The “Silly Walk off a Cliff” cover that appeared on the July 4 issue of the New Yorker following Britain’s Brexit vote reminded me that it was high time I got to John Cleese’s autobiography So, Anyway... Cleese writes in a winning, self-effacing way about the first half of his life: his parents, his childhood, his schooling, and his early career as a stage performer, up until the formation of Monty Python’s Flying Circus. Like any Englishman of his generation, he’s acutely sensitive to class. Where George Orwell once described himself as belonging to the lower-upper-middle class, Cleese indicates that his own background is “upper-upper-lower-middle class.”

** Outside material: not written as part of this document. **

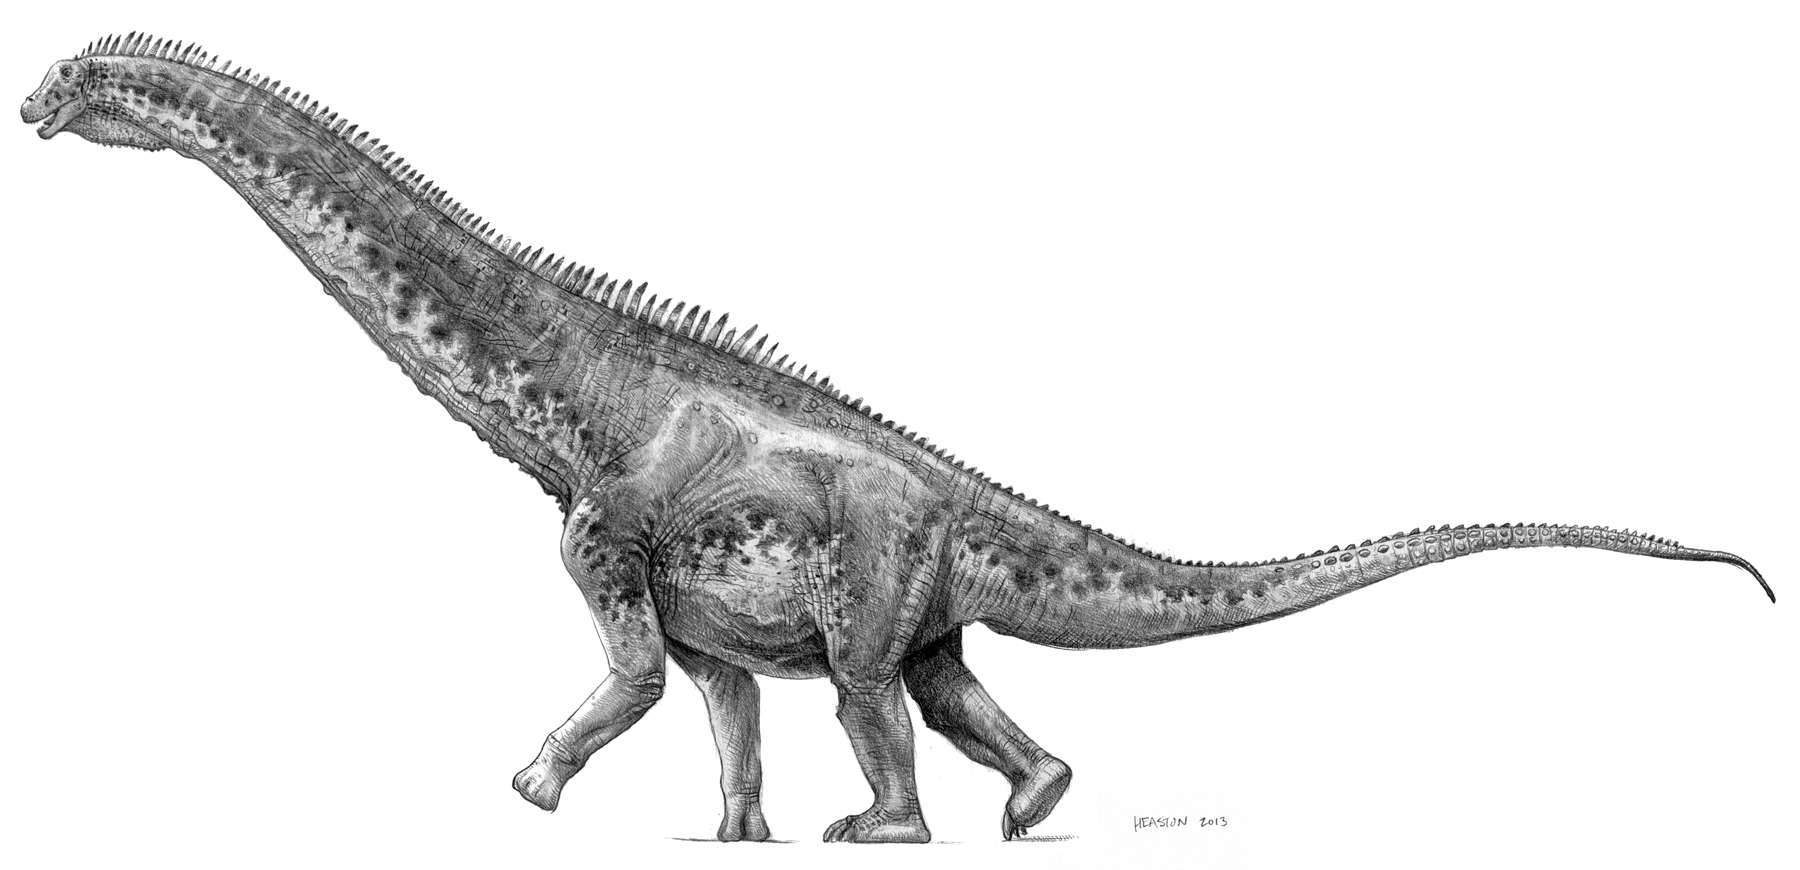 Cottonwood lizard (Alamosaurus) by pheaston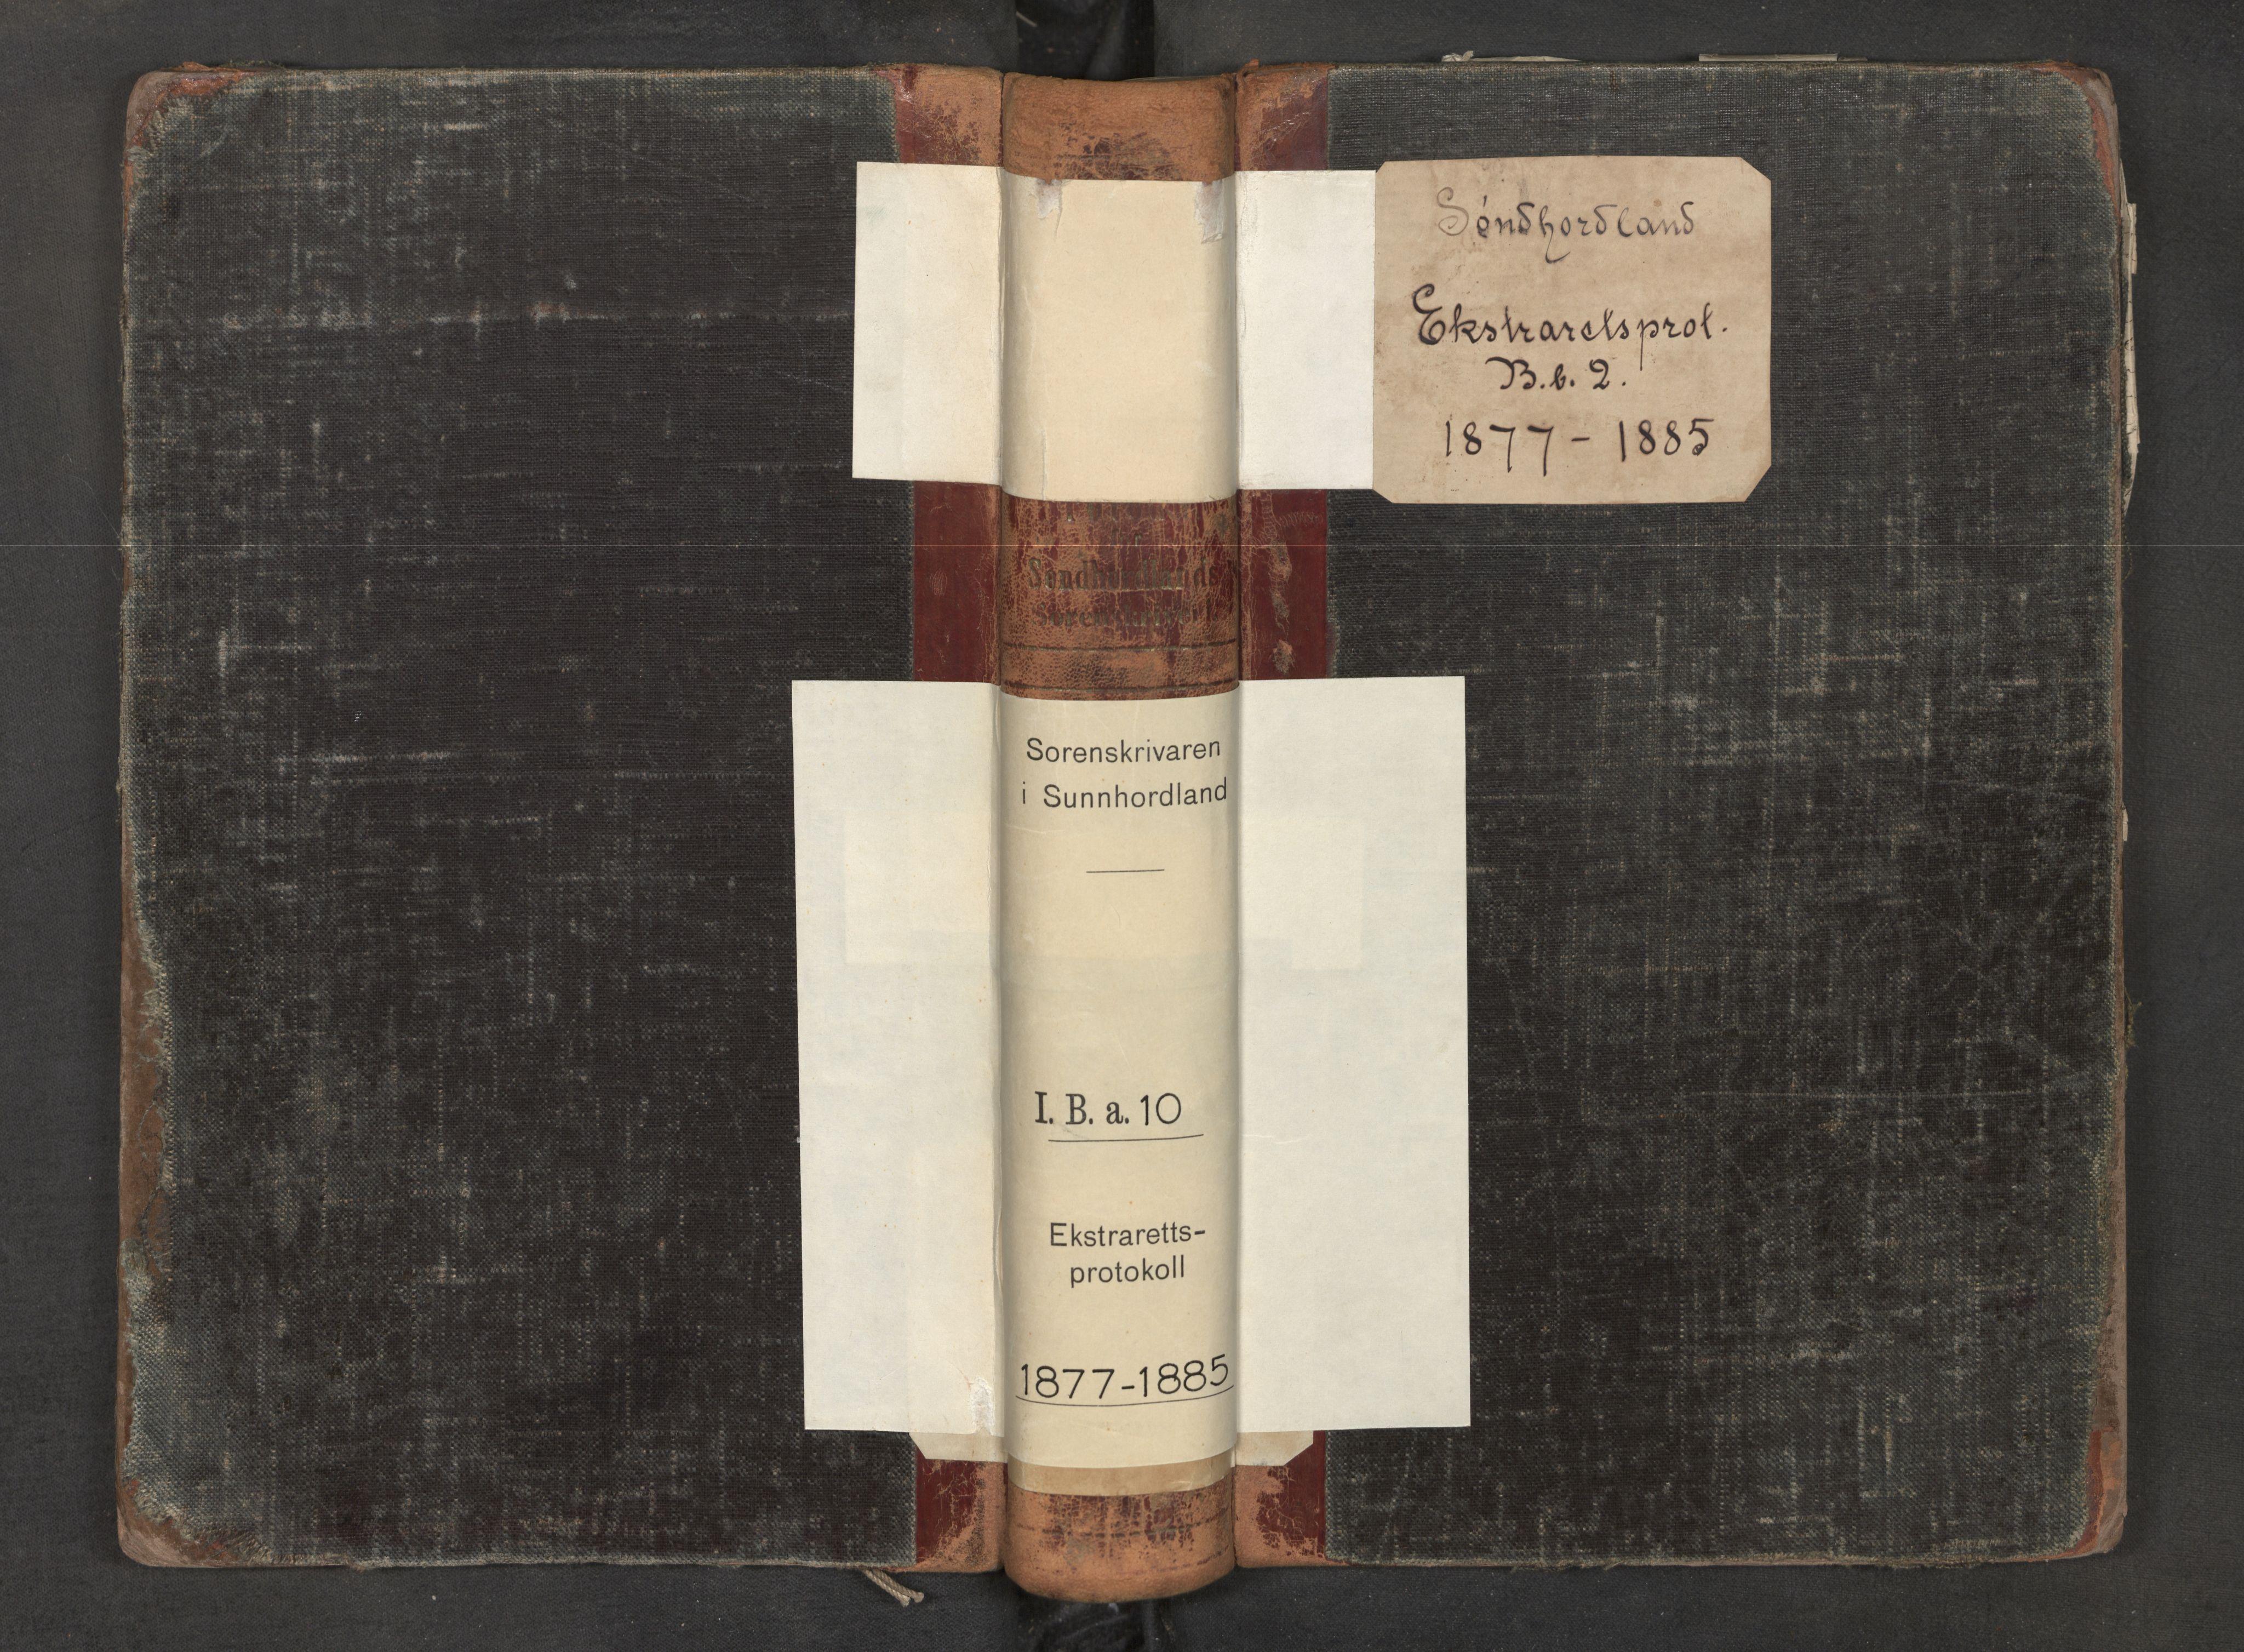 SAB, Sunnhordland sorenskrivar, F/Fb/Fba/L0010: Ekstrarettsprotokoll, 1877-1885

Cleese is as funny on the page as he is, say, in the role of Basil Fawlty, the irascible hotel keeper of the BBC series Fawlty Towers. I laughed aloud more than once. As a P.G. Wodehouse fan, I delighted in an anecdote about one of Wodehouse’s brothers, whom Cleese’s father met in India. Besides displaying incredible sexual naivety, this Wodehouse was without a sense of humor. As a rule, Cleese speaks generously of others, such as the comedian Peter Sellers, whom he much admired. But he can’t resist taking a swipe at the late Graham Chapman, his fellow Python, who, evidently jealous of Cleese’s talent, could be petty and mean. Cleese denies that he was shocked, as Chapman claimed, when his long-time friend came out as gay, though he admits that “I was very, very, very, very, very, very, very, very, very, very, very surprised.”
Toward the end, he gives a wonderful catalogue of the demands one must put up with on becoming a celebrity. I hope Cleese is currently hard at work on a sequel that will cover the second half of his life.